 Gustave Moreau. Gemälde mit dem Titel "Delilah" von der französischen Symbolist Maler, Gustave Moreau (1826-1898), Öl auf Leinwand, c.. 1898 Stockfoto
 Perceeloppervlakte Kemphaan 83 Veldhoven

#####

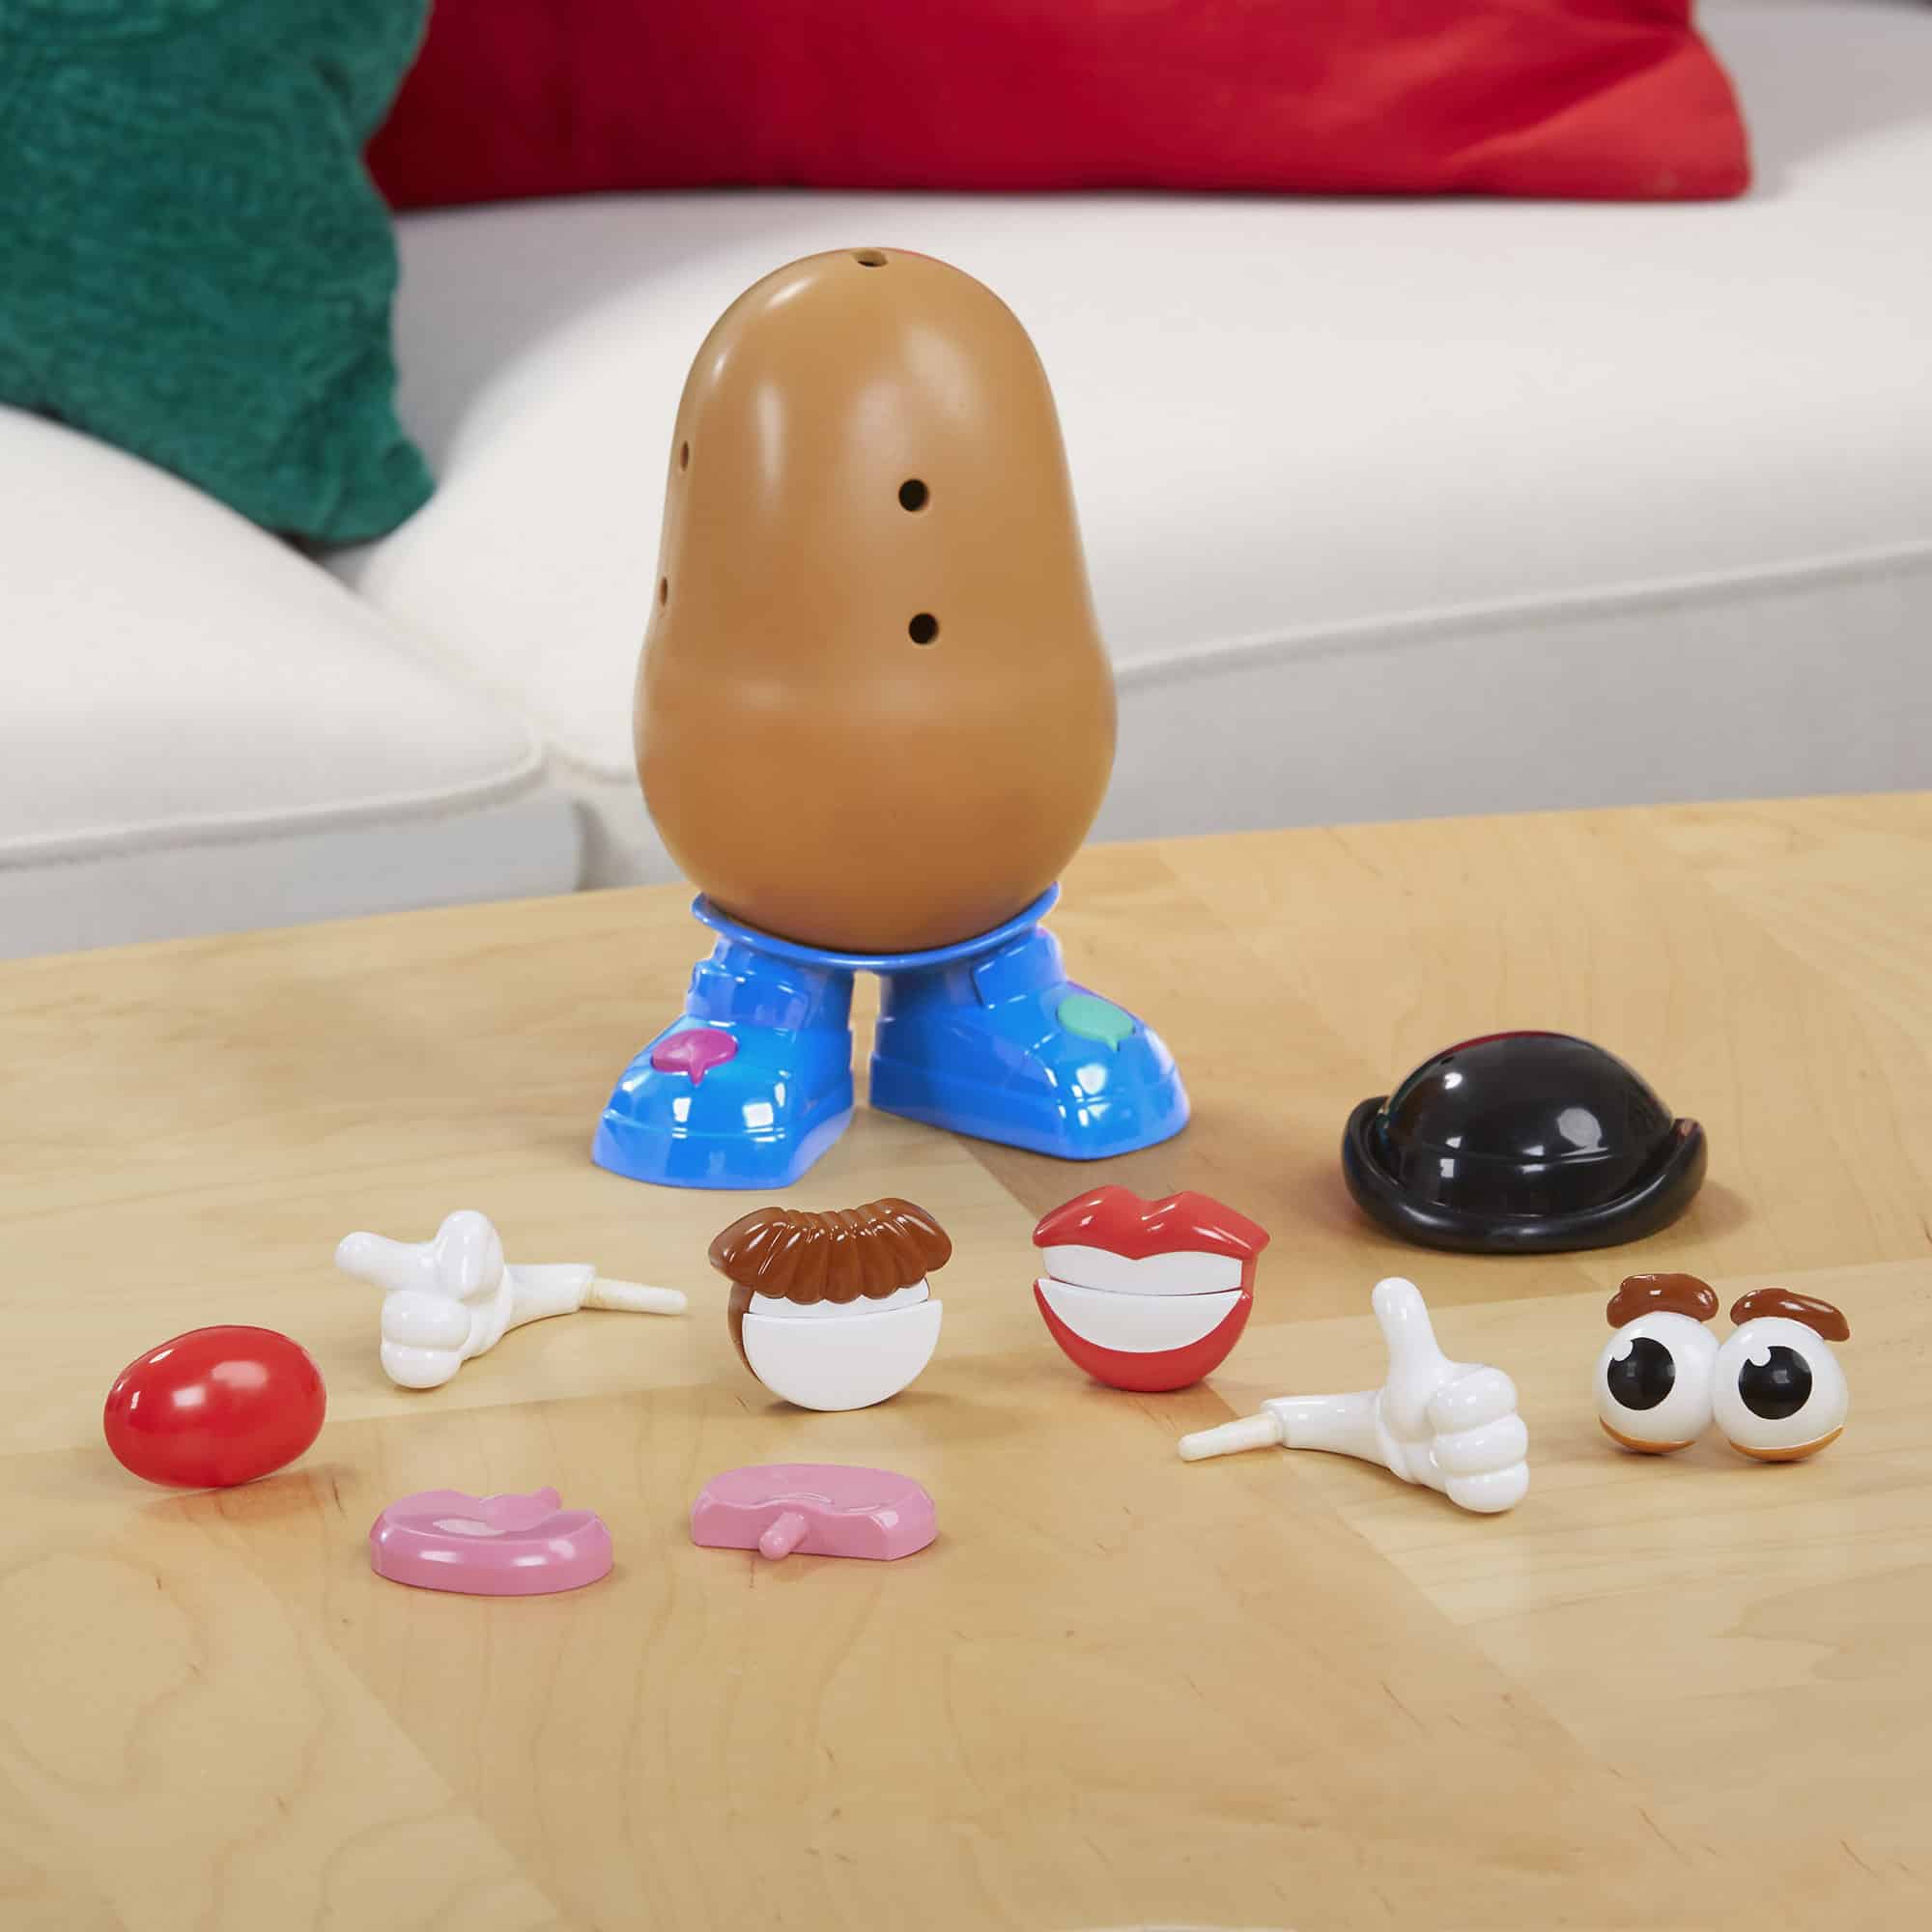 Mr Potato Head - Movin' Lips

#####

What is expected: Wherever the line holding "Gustave Moreau. Gemälde" falls in the entries above, copy exactly from it through the line holding "Perceeloppervlakte Kemphaan 83 Veldhoven", inclusive, and add nothing.

Completed task:
 Gustave Moreau. Gemälde mit dem Titel "Delilah" von der französischen Symbolist Maler, Gustave Moreau (1826-1898), Öl auf Leinwand, c.. 1898 Stockfoto
 Perceeloppervlakte Kemphaan 83 Veldhoven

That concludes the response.